Q: When can we say that the starting value is near the root in Newton Raphson method?

Question

I would like to know when can I use the Newton Raphson methos to find an approximation of a root. We know that it can be used or that it is possible to work when the starting value is near of the root; but what is near? I mean, if for example if I've got $f(x)=(x-3)^{1/2}$ I know that the root would be $3$, so can I start from the point $p_0=4$? Is $4$ near $3$???

Answer 1

In principle it may be possible to determine the immediate basin of attraction of a root $r$ of your function $f$, i.e. the largest interval $(a,b)$ containing $r$ such that Newton's method starting at any point in $(a,b)$ converges to $r$. Namely, $a$ and $b$ (if finite) are the closest points to left and right of $r$ which are either roots of $f'$, or points where $f$ is not differentiable, or they form a $2$-cycle for Newton's method.

However, in practice the simplest thing to do, to tell whether a point is "sufficiently close", is usually just to try it and see what happens to the iterations.

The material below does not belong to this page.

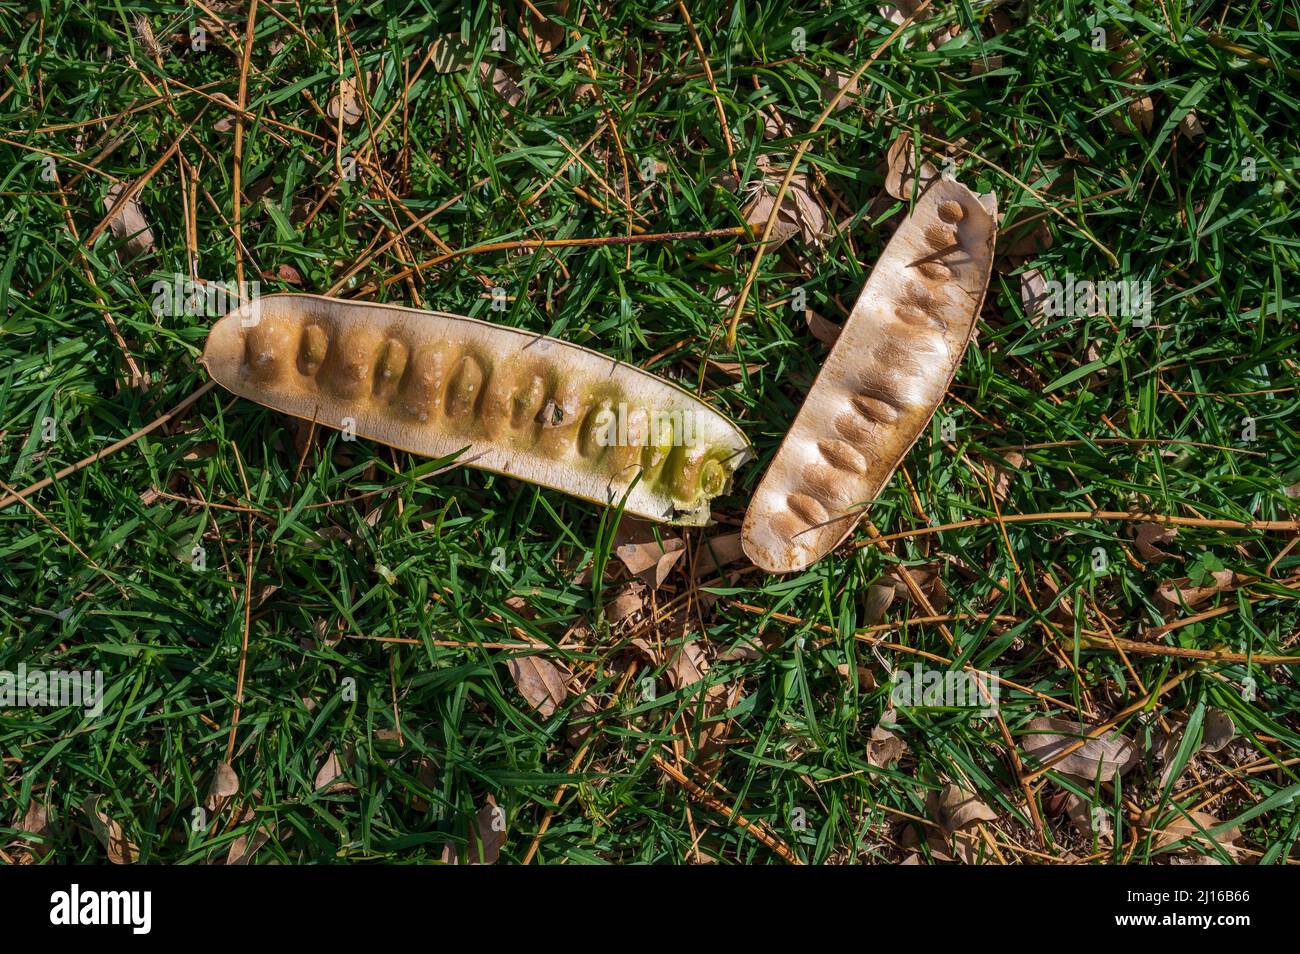 The pod from the Albizia lebbeck tree is brown and long with seeds inside lies on the green grass. View from above. Stock Photo

Your example $f(x) = (x-3)^{1/2}$ is not a good candidate for Newton's method, because (if you stick to real numbers) the function is not defined for $x < 3$ and (even if you allow complex numbers) is not differentiable at $x=3$. If you start at any $x_0 > 3$, the very first iteration will take you to numbers $< 3$. Perhaps you mean $(x-3)^2$.

Answer 2

It is possible to characterize a symmetric open interval $I = (r-\delta,r+\delta)$ around the root $r$ such that Newton's method converges to $r$ for all $x_0 \in I$.

Newton's method is a special case of the functional iteration $x_{n+1} = g(x_n)$. It corresponds to the choice of $$g(x) = x - \frac{f(x)}{f'(x)}.$$

Now if $J$ is a closed interval and $h : J \rightarrow J$ is a contractive mapping, then $h$ has exactly one fixed point $\xi \in J$ and the functional iteration $x_{n+1} = h(x_n)$ will converge to $\xi$ for all $x_0 \in J$. This is the celebrated contractive mapping theorem. The condition that $J$ be closed is necessary. A contractive mapping $h : J \rightarrow \mathbb{R}$ is a function such that $$\exists L \in [0,1) \: \forall x, y \in J \: : \: |h(x) - h(y)| \leq L |x-y|.$$ If $h$ is differentiable and $|h'(t)| \leq L < 1$ for all $t \in J$, then the mean value theorem of differentiation implies that $h$ is a contractive mapping.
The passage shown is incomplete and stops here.